Department of Exercise Sciences

Contralesional hemisphere control of the proximal paretic upper limb following stroke

Lynley V. Bradnam, Cathy M. Stinear, P. Alan Barber and Winston D. Byblow
Published in Cerebral Cortex (2012) 22: 2662-2671


Following stroke there is often an imbalance in primary motor cortex (M1) excitability, with relative underexcitability in the stroke affected ipsilesional hemisphere and relative overexcitability in the contralesional hemisphere, and worse outcomes for patients with greater imbalance. Cathodal transcranial direct current stimulation (c-tDCS) can reduce excitability of neurons in M1 and may facilitate motor recovery after stroke. However, little is known about the neurophysiological effects of tDCS on proximal upper limb function.



To test the hypothesis that suppression of contralesional M1 (cM1) excitability would produce neurophysiological effects that depended on severity of upper limb impairment.



(Figure 1)

  • Twelve patients with varying upper limb impairment after subcortical stroke were assessed on clinical scales (NIHSS, Fugl-Meyer, and modified Ashworth spasticity scales) of upper limb spasticity, impairment, and function. Each of the 12 patients was age and gender matched with a healthy adult.
  • Excitability within paretic M1 biceps brachii representation was determined from motor-evoked potentials (MEPs) using transcranial magnetic stimulation (TMS) during selective isometric tasks (pronation and flexion tasks), after cM1 sham stimulation and after c-tDCS. Selective Ratio (SR), which reflects the ability to suppress BB prior to pronation, was calculated as a ratio of the average BB MEPAREA for the pronation task to that for the flexion task. The difference between sham and c-tDCS SR was also calculated (ΔSR = SRsham – SRc-tDCS). A positive ΔSR indicates selective BB activation was improved by c-tDCS.
  • Magnetic resonance imaging was used to determine lesion size and fractional anisotropy (FA) within the posterior limbs of the internal capsules indicative of corticospinal tract integrity.
  • MEPs in the nonparetic FDI at rest were collected at various time points using TMS in order to confirming the suppression of cM1 by c-tDCS.



  • As expected, SR was higher in patients than healthy adults reflecting impaired BB suppression. Furthermore, higher SRs were associated with poorer clinical scores and a reduction in the integrity of ipsilesional white matter.
  • The ΔSR results in Figure 4 indicated that, overall, the direction of the neurophysiological after-effects of c-tDCS was strongly related to upper limb spasticity, impairment, function, and FA asymmetry between the posterior limbs of the internal capsules. Indeed, c-tDCS improved selective proximal upper limb control for mildly impaired patients and worsened it for moderate to severely impaired patients (Figure 4).
  • After c-tDCS, FDI MEP amplitude was reduced compared with baseline at 5 and 30 min post-stimulation, confirming the suppression of cM1 excitability by c-tDCS.
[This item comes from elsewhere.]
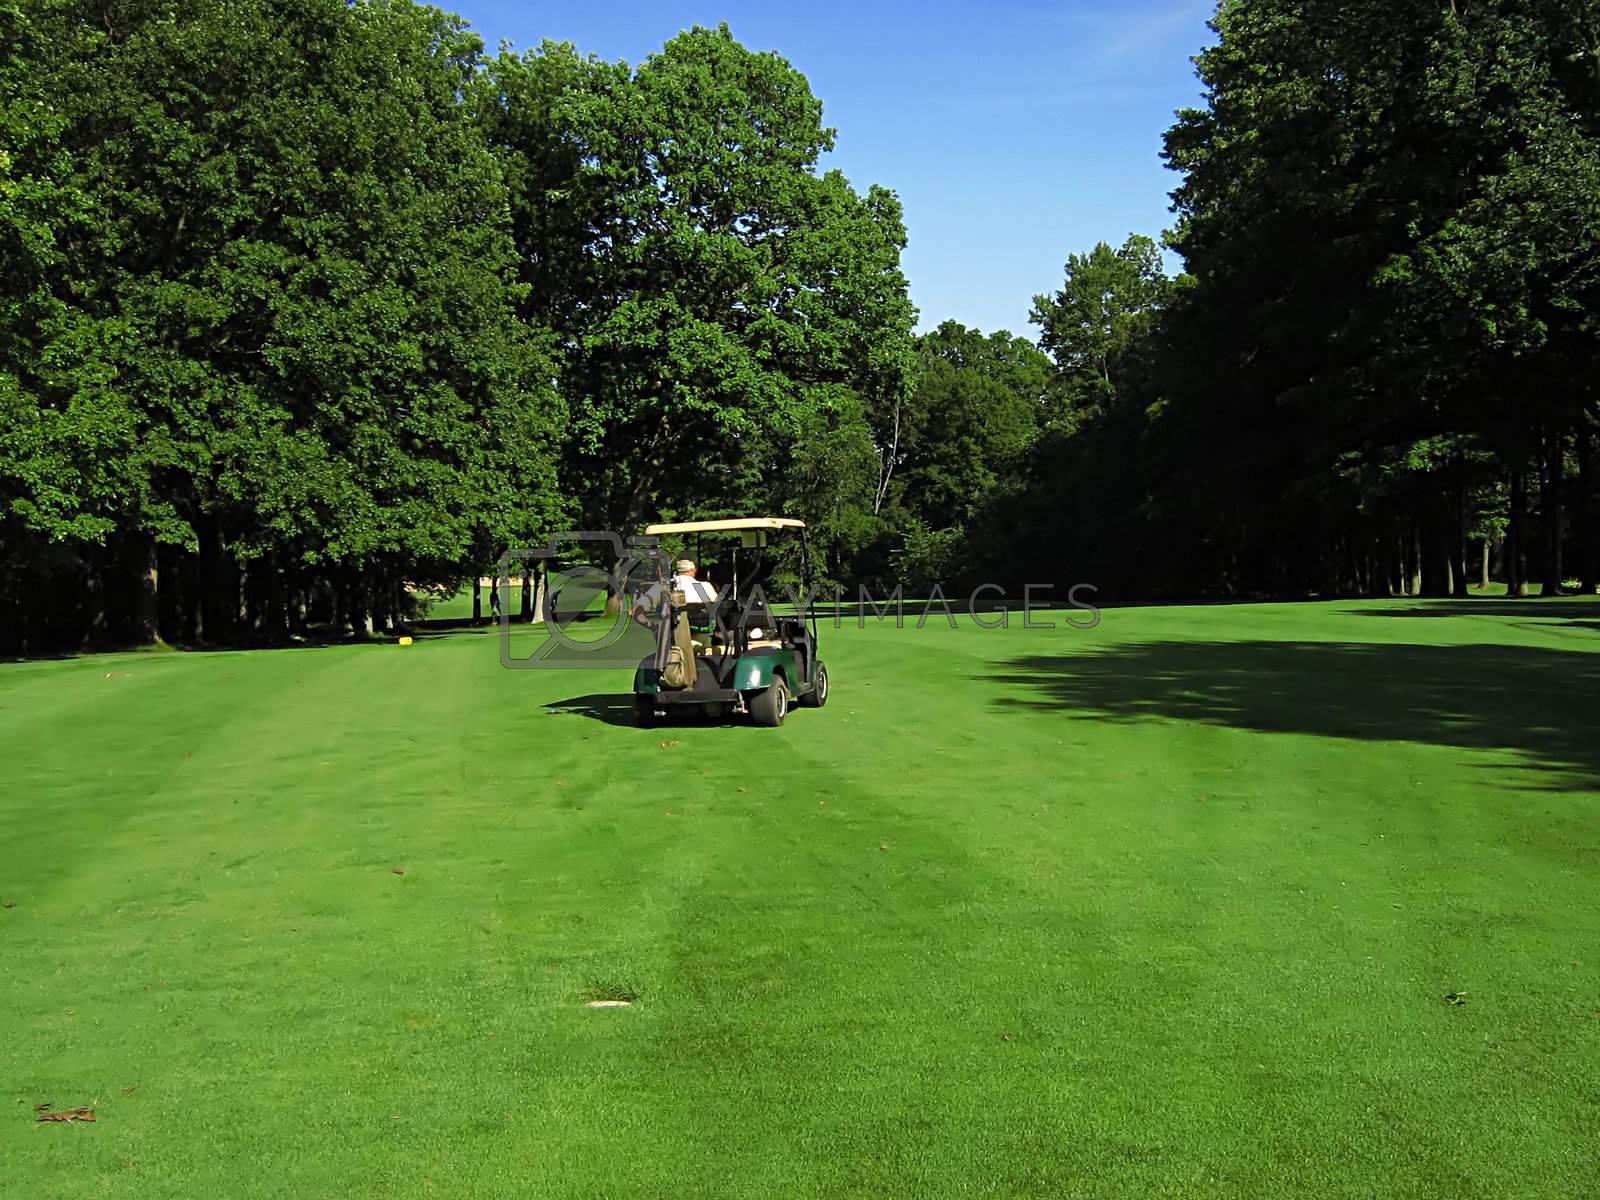 A photograph of a golf cart on a golf course.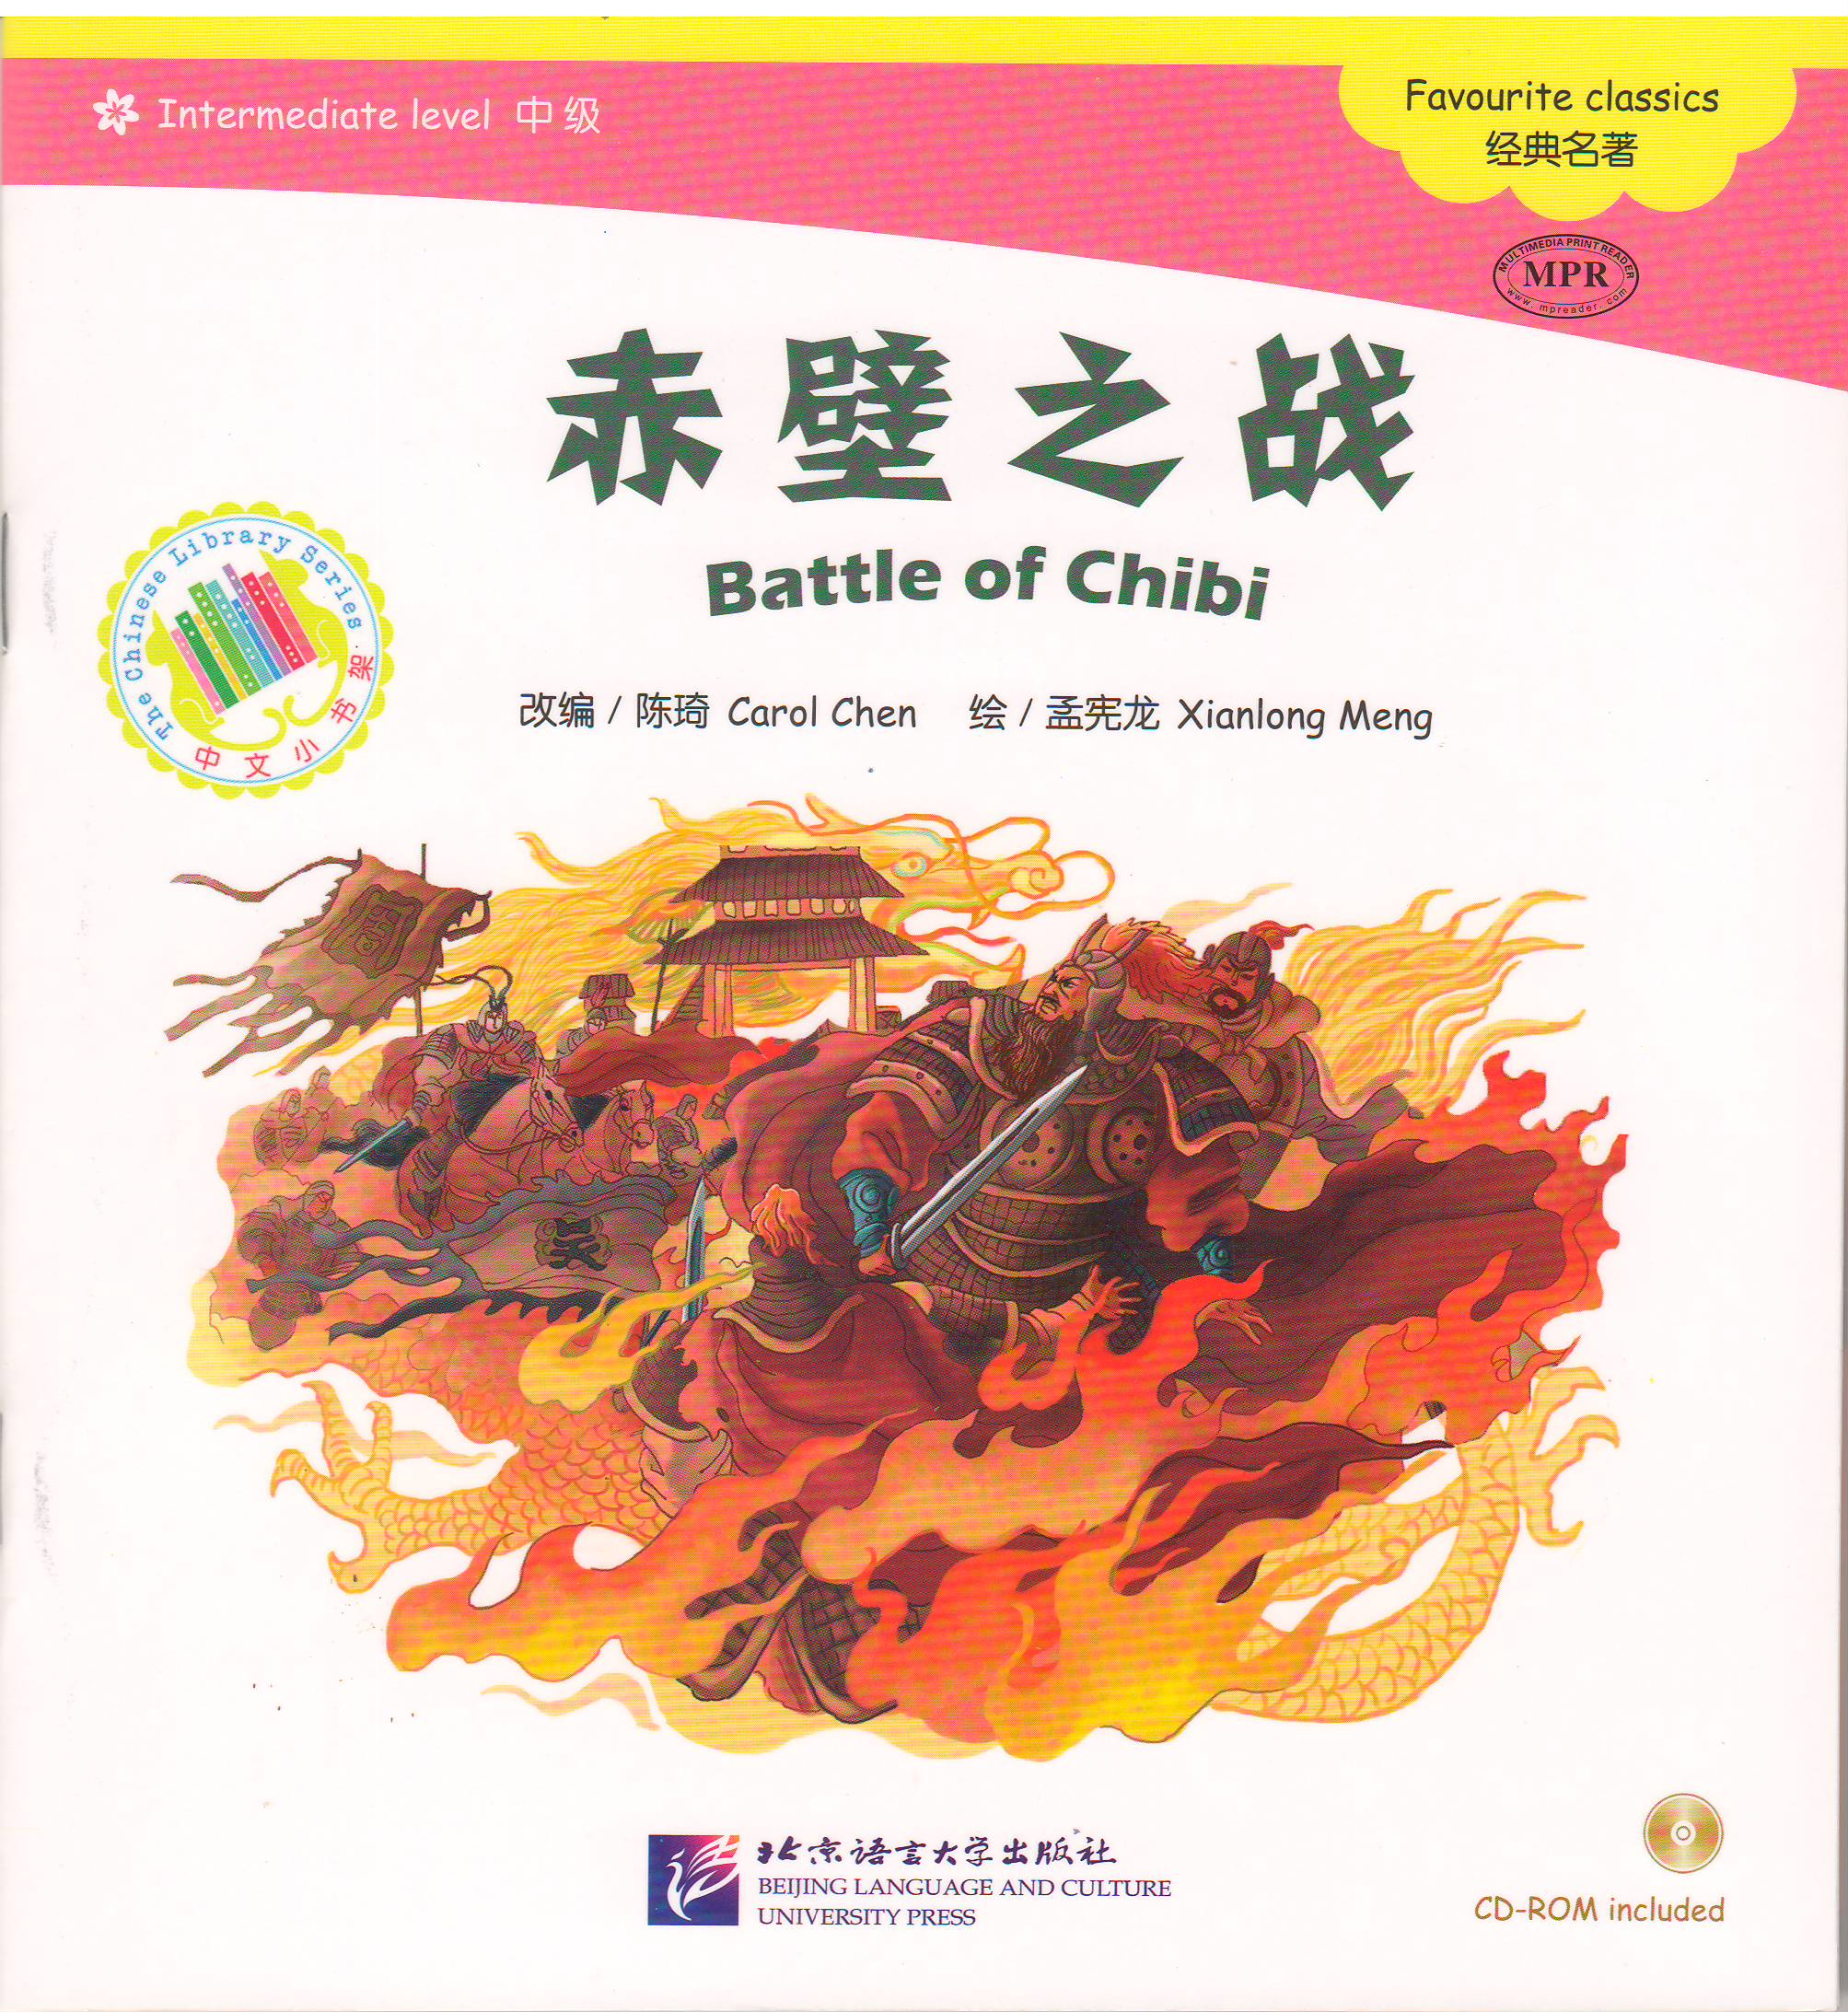 นิทานสามก๊ก ตอนเผาทัพโจโฉ (Battle of Chibi) +CD

There is unlikely to be a one size fits all treatment protocol when using noninvasive brain stimulation in stroke rehabilitation. We have shown that c-tDCS of cM1 may be beneficial for patients with mild impairment and contraindicated for patients with moderate to severe impairment. A possible explanation is that, for patients with major disruption of ipsilesional corticospinal tract, suppression of cM1 may result in down-regulation of important compensatory activity – the greater excitability of the contralesional hemisphere.

An important clinical aspect of the present study is that clinical measures of upper limb function and impairment, and spasticity in the paretic elbow flexors, may be useful for determining whether contralesional c-tDCS is contraindicated for an individual patient. Further experiments may identify how to individually prescribe tDCS as an adjuvant to therapy.



We would like to thank Suzanne Ackerley for performing the clinical assessments, Frederique Noten for assistance with data collection and preparation of figures, and Shailesh Kantak for insightful comments on the manuscript. We also would like to give special thanks to the patients for participating in the study and their families for supporting their participation.